This notebook demonstrates building a hierarchical image classifier based on a HD-CNN derivative which uses cascading classifiers to predict the class of a label from a coarse to finer classes.
In this demonstration, we have two classes in the hierarchy: fruits and varieties of fruit. The model will first predict the coarse class (type of fruit) and then within that class of fruit, the variety. For example, if given an image of Apple Granny Smith, it would first predict 'Apple' (fruit) and then predict the 'Apple Granny Smith'.
This derivative of the HD-CNN is designed to demonstrate both the methodology of hierarchical classification, as well as design improvements not available at the time (2014) when the model was first published Zhicheng Yan.
Our HD-CNN deriative archirecture consists of:
- An stem convolutional block.
- The output from the stem convolutional head is shared with the coarse and finer classifiers (referred to as the shared layers in the paper).
- A coarse classifier.
- A Convolution and Dense layers for classifying the coarse level class.
- A set of finer classifiers, one per coarse level class.

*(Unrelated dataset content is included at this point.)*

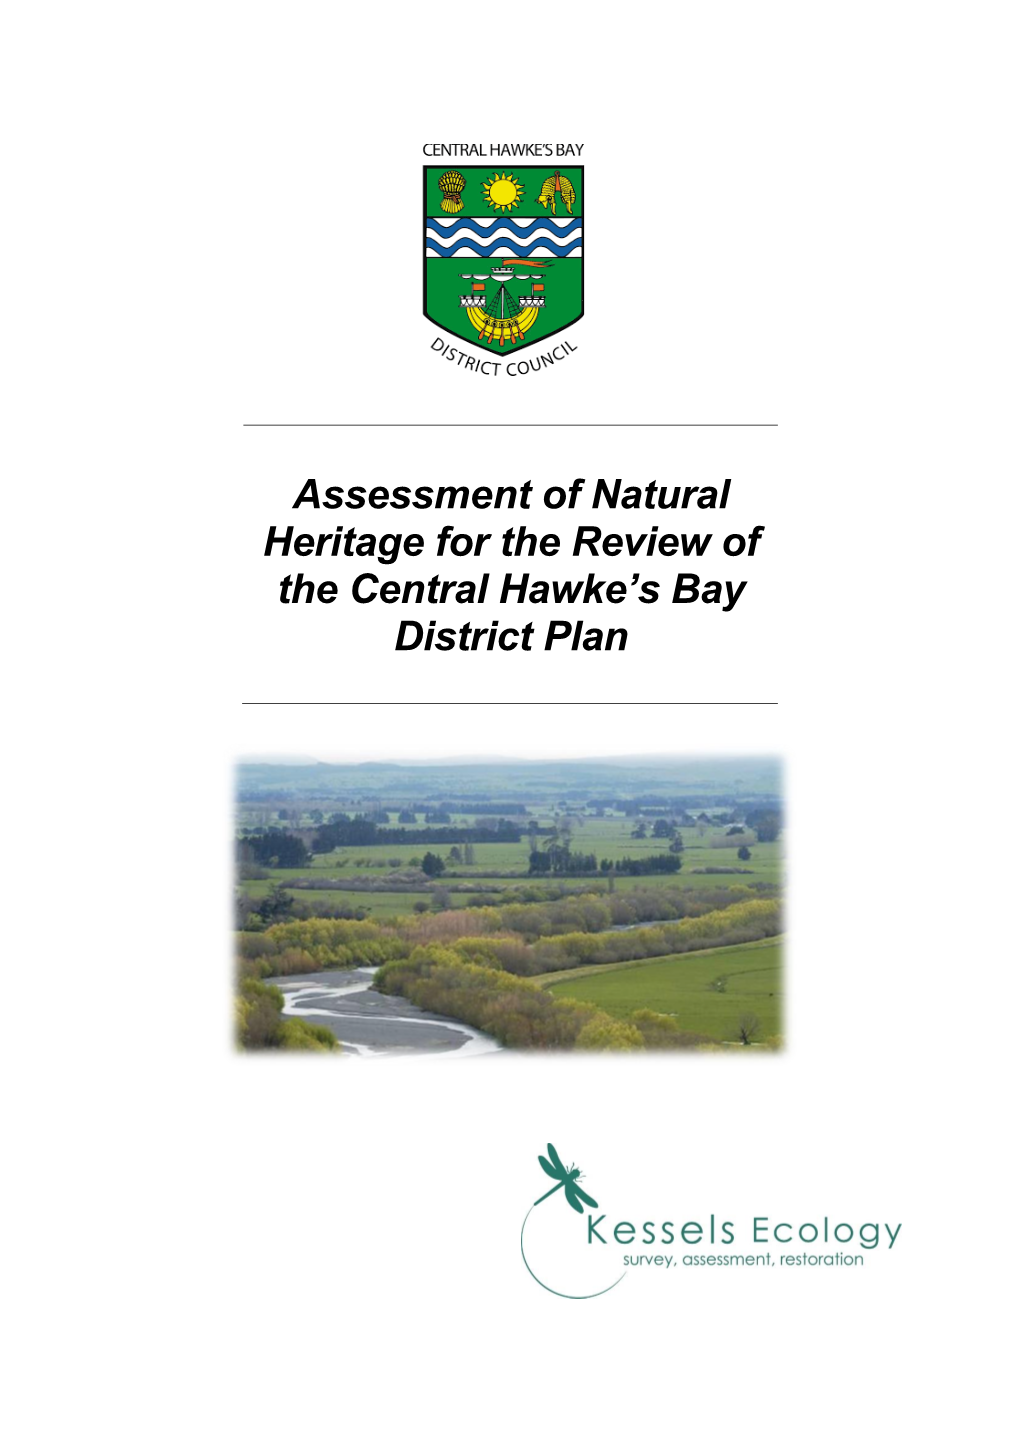 Assessment of Natural Heritage for the Review of the Central Hawke's Bay

- A Convolution and Dense layers per coarse level class for classifying the corresponding finer level class.
- A conditional execution step for predicting a specific finer classifier based on the output of the
coarse classifier.
- The coarse level classifier is predicted.

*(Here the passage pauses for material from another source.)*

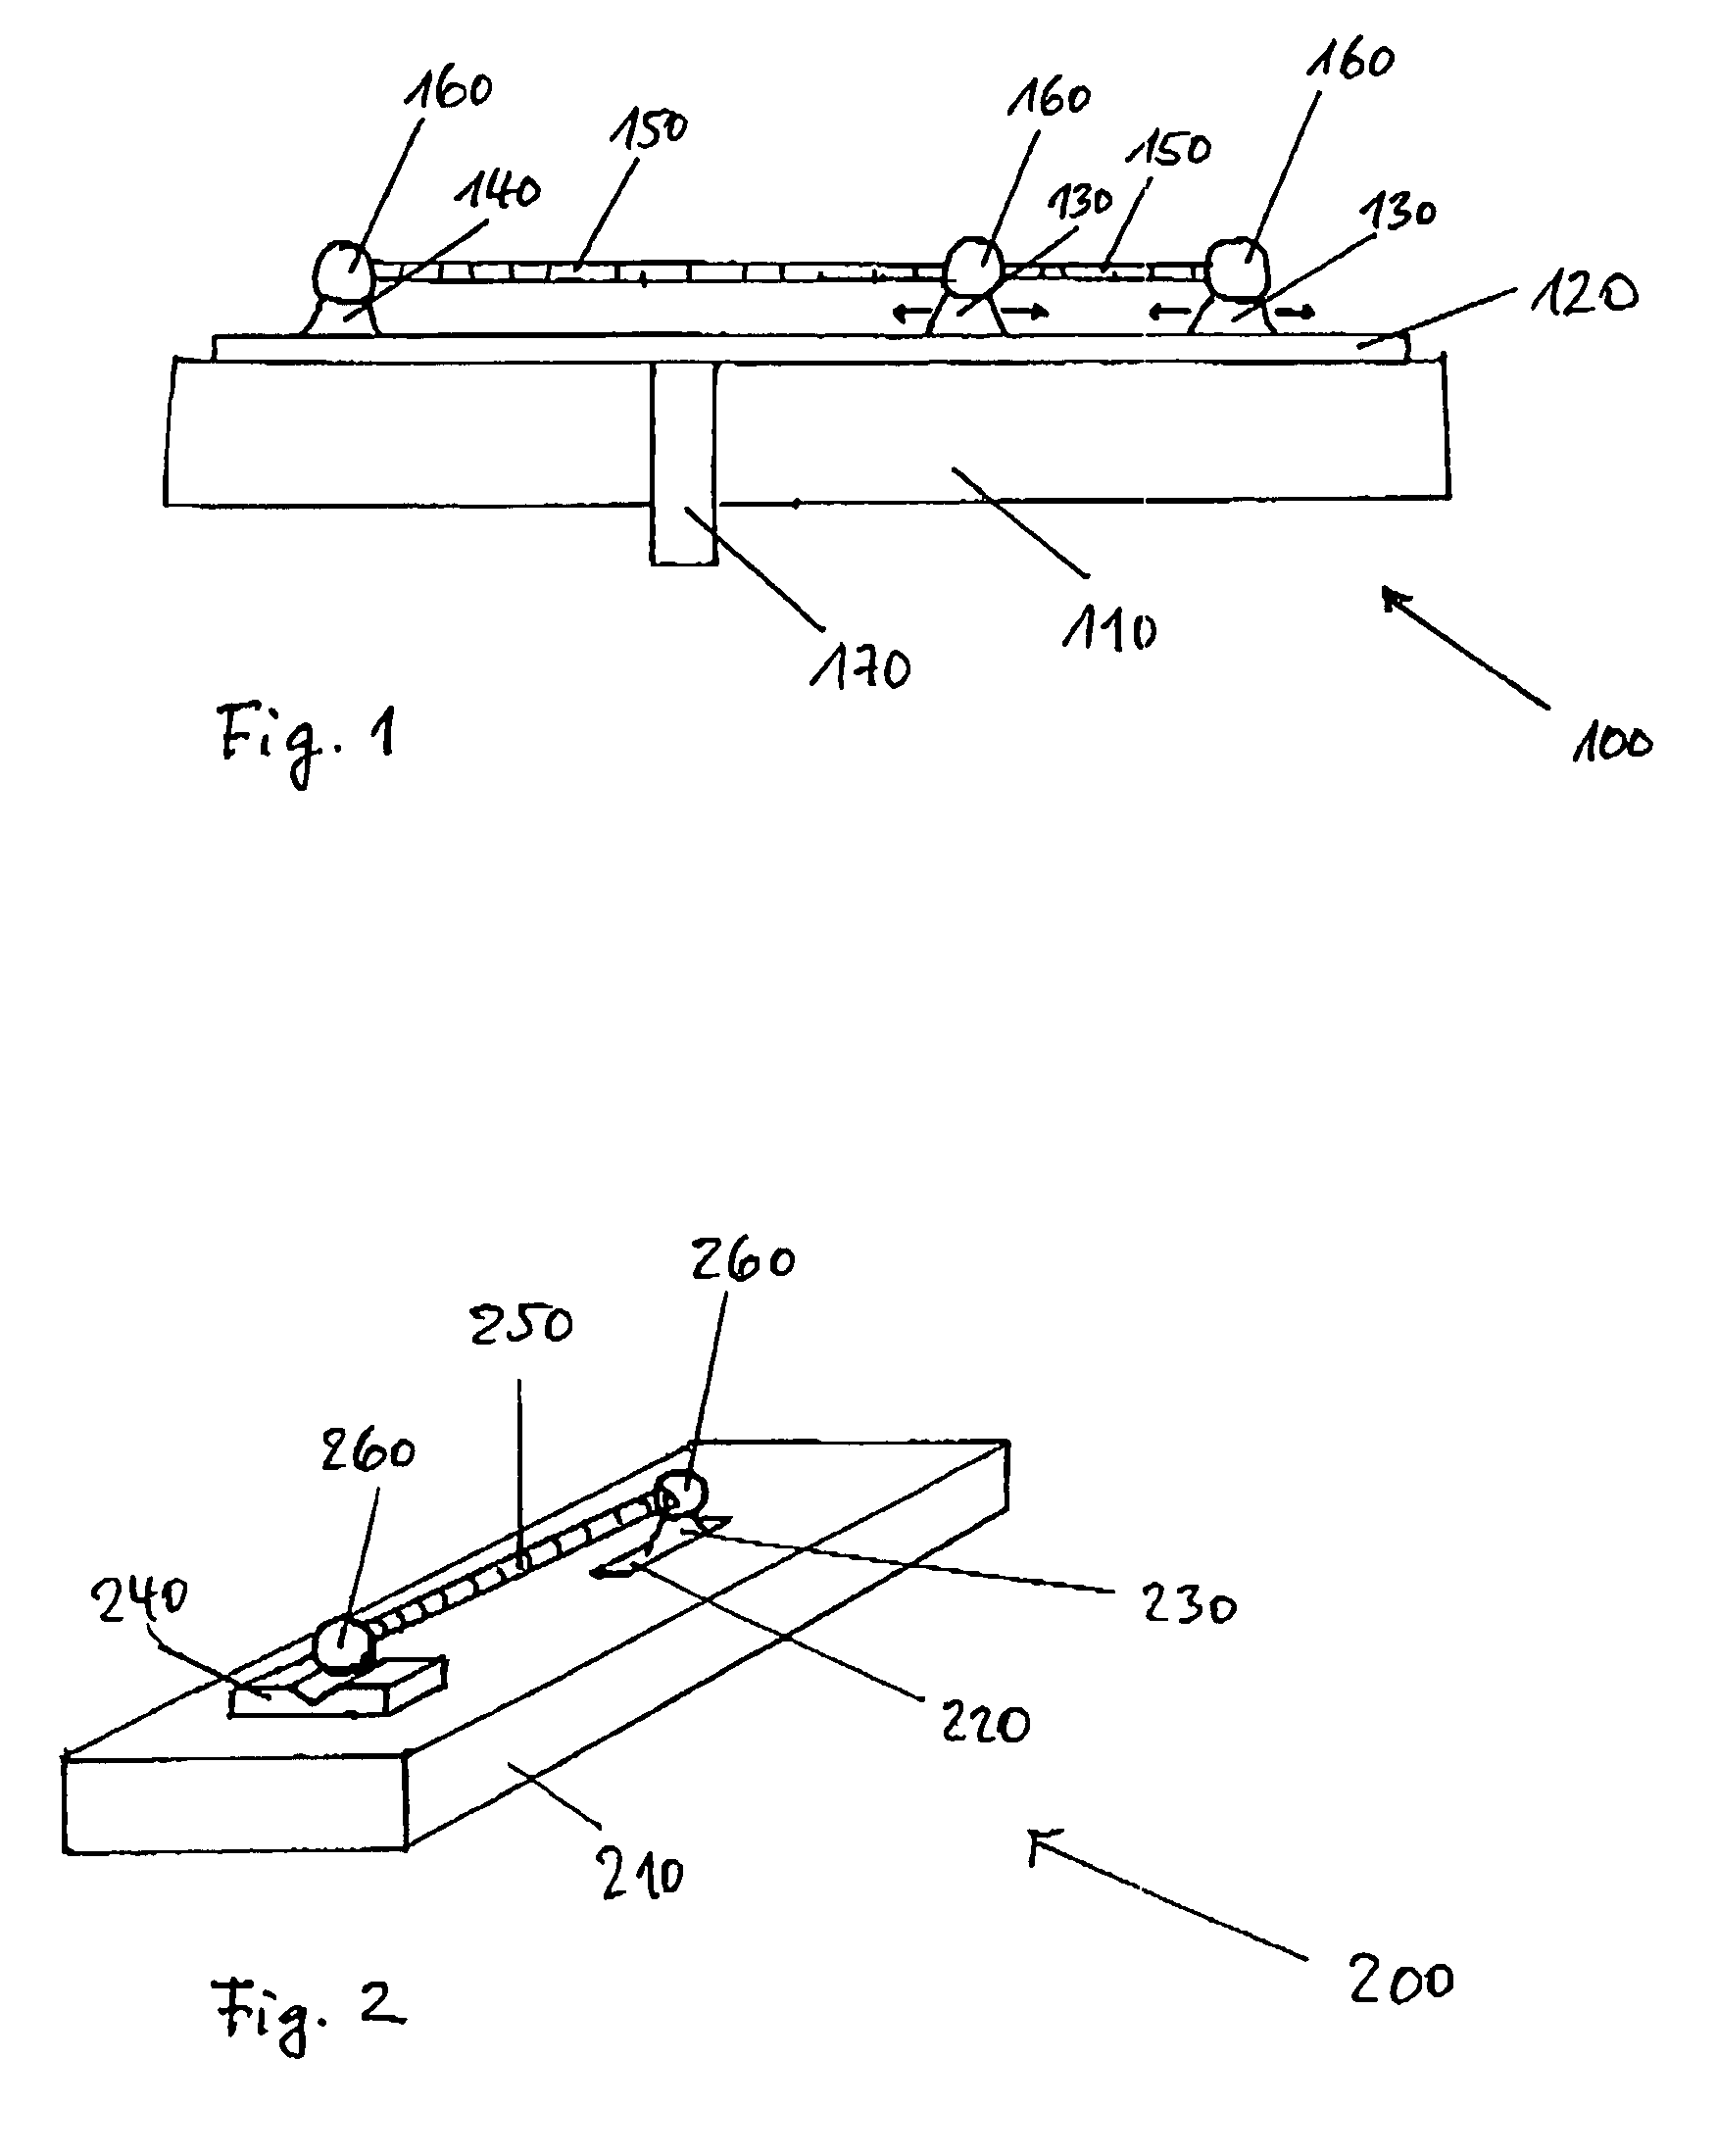 Variable test object and holder for variable test objects

- The index of the prediction is used to select a finer classifier.
- An im-memory copy of the shared bottleneck layer (i.e., last convolution layer in stem) is passed as the input to the finer level classifier.
This notebook requires 17GB of memory. It will not run on a Standard TF JaaS instance (15GB). You will need to select an instance with memory > 17GB.
Some of the cells in the notebook display images. The images will not appear until the cell for copying the training data/misc from GCS into the JaaS instance is executed.